Only text belongs in your copy of the listing below; reproduce it exactly and leave out the pictures.

* _Information shown_:
□ □ □
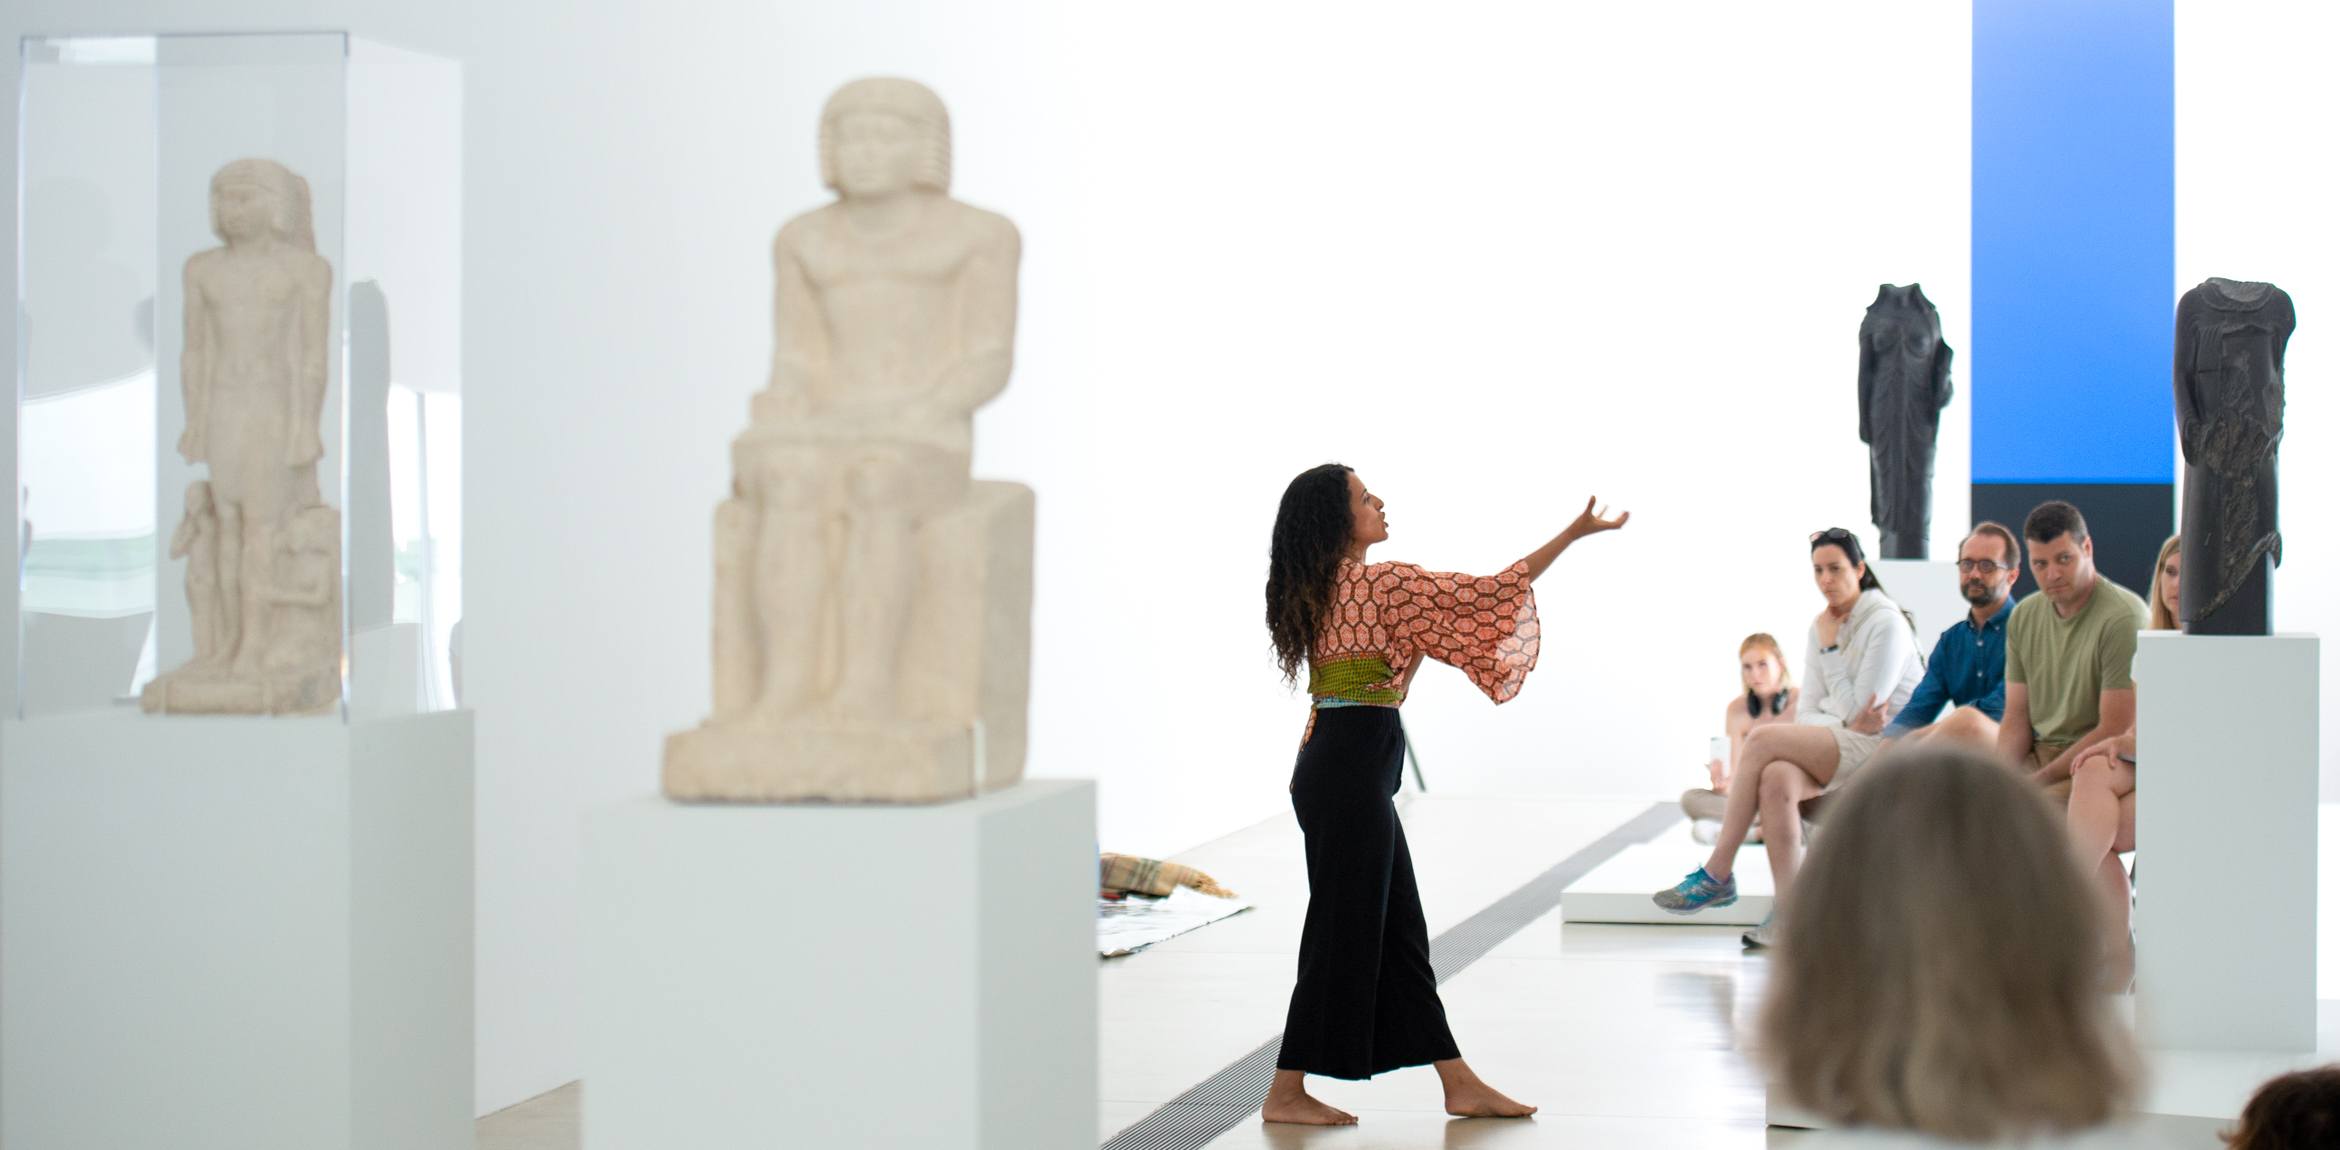 Odeya Nini performs in the Main Gallery for audience members, Egyptian statues on display.
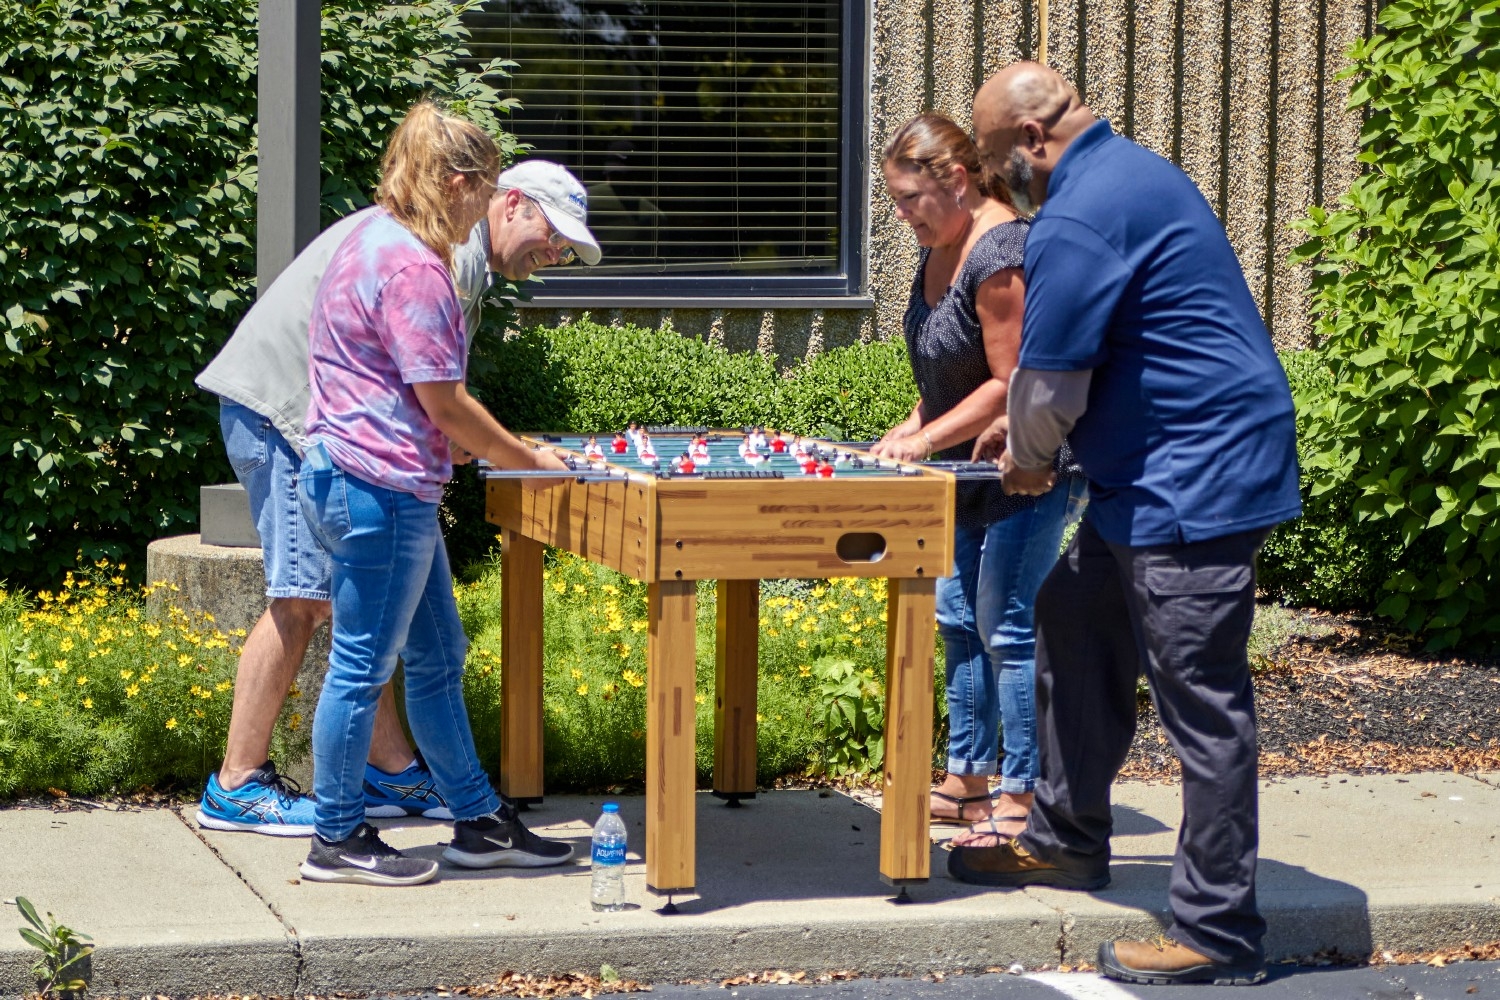 Summer Fun! Enjoying the nice weather with a cookout and summer games for a retirement celebration.
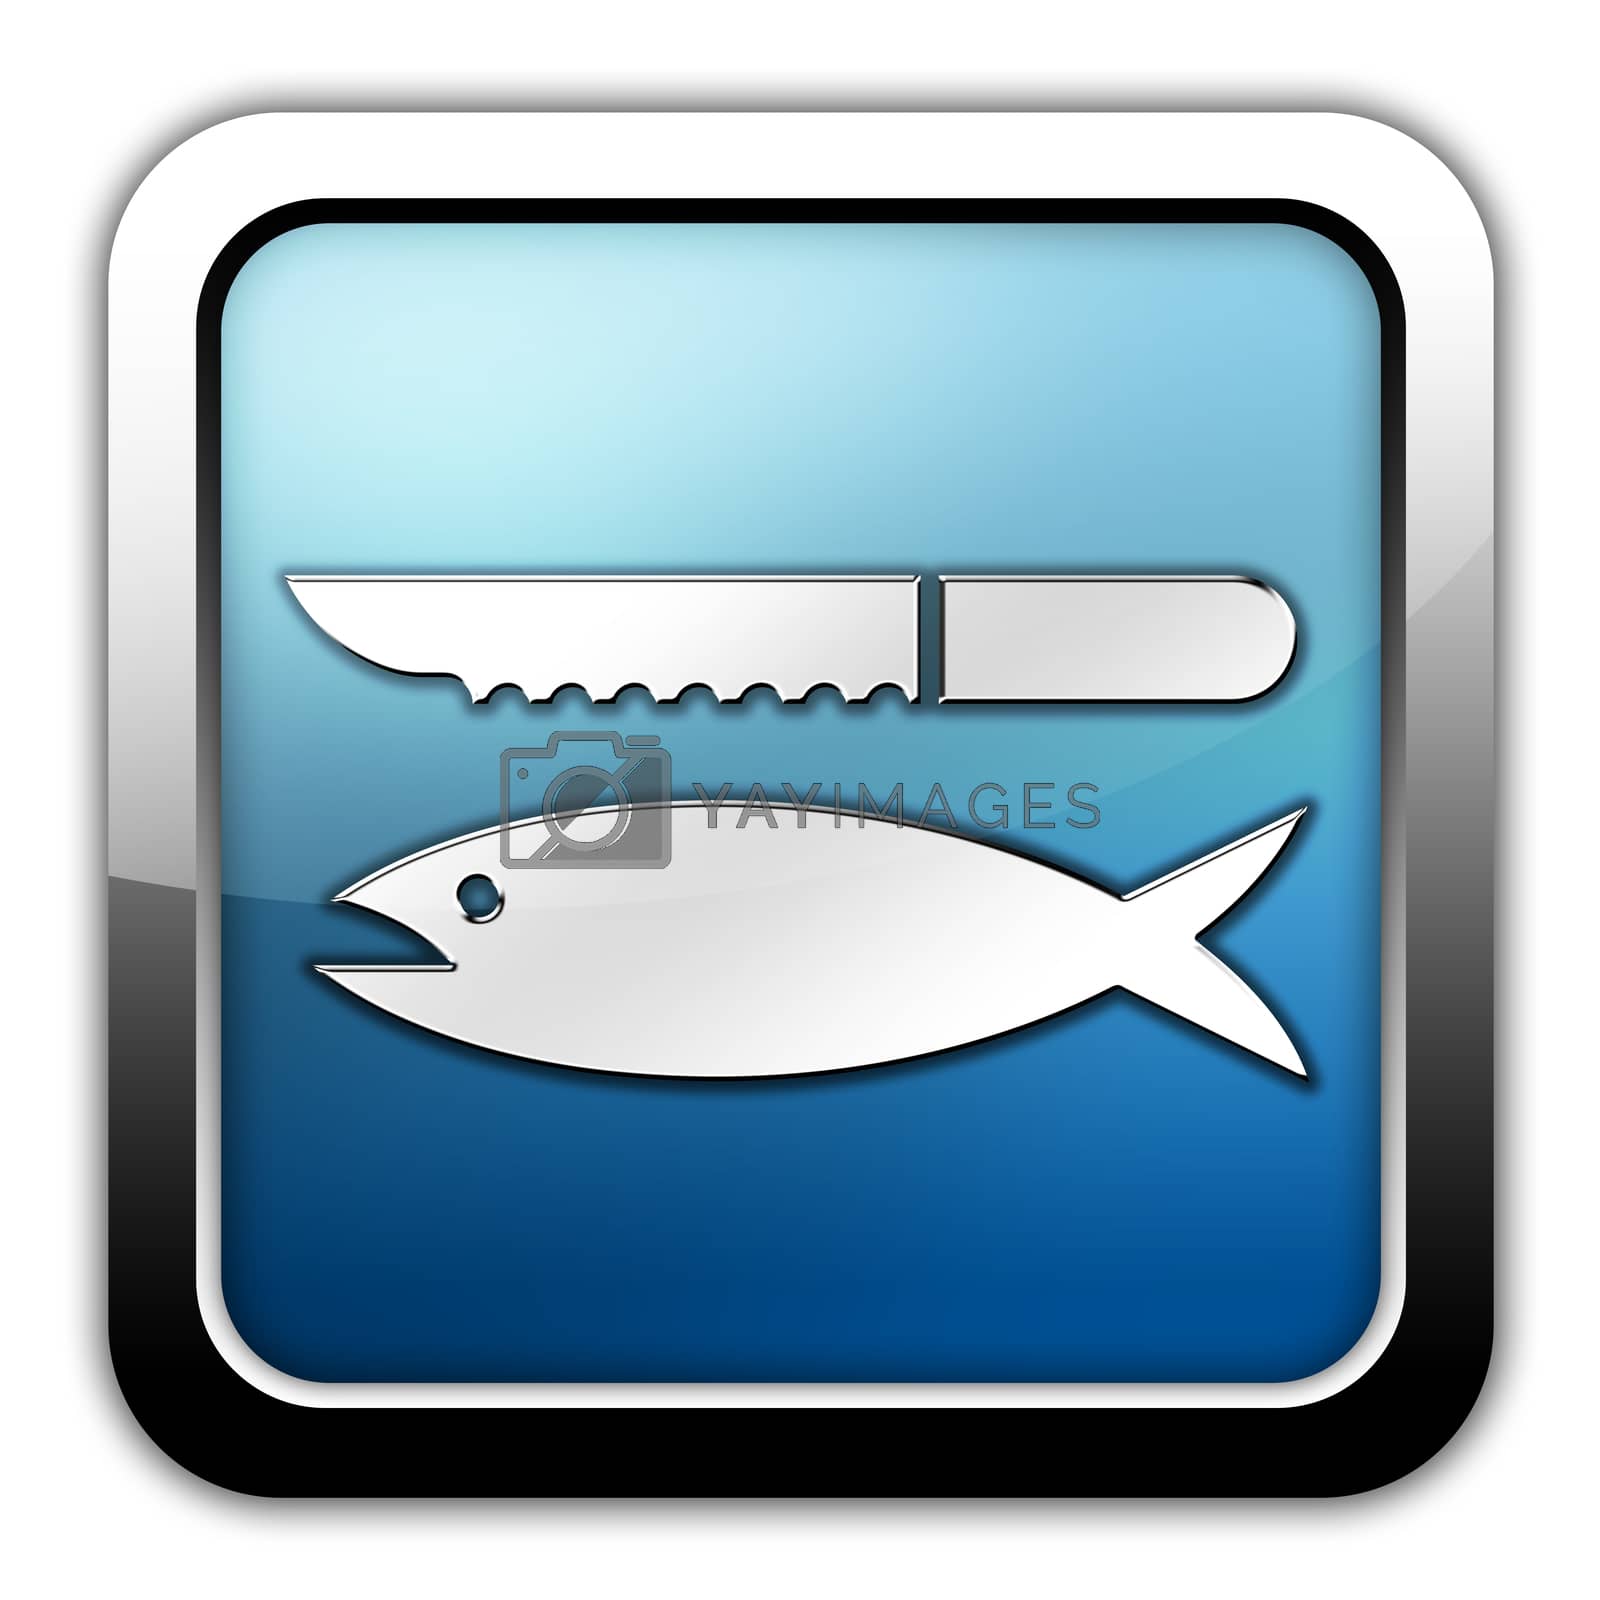 Royalty free image of Icon, Button, Pictogram Fish Cleaning by mindscanner
□ □ □
* _Expected answer_:
 Odeya Nini performs in the Main Gallery for audience members, Egyptian statues on display.
 Summer Fun! Enjoying the nice weather with a cookout and summer games for a retirement celebration.
 Royalty free image of Icon, Button, Pictogram Fish Cleaning by mindscanner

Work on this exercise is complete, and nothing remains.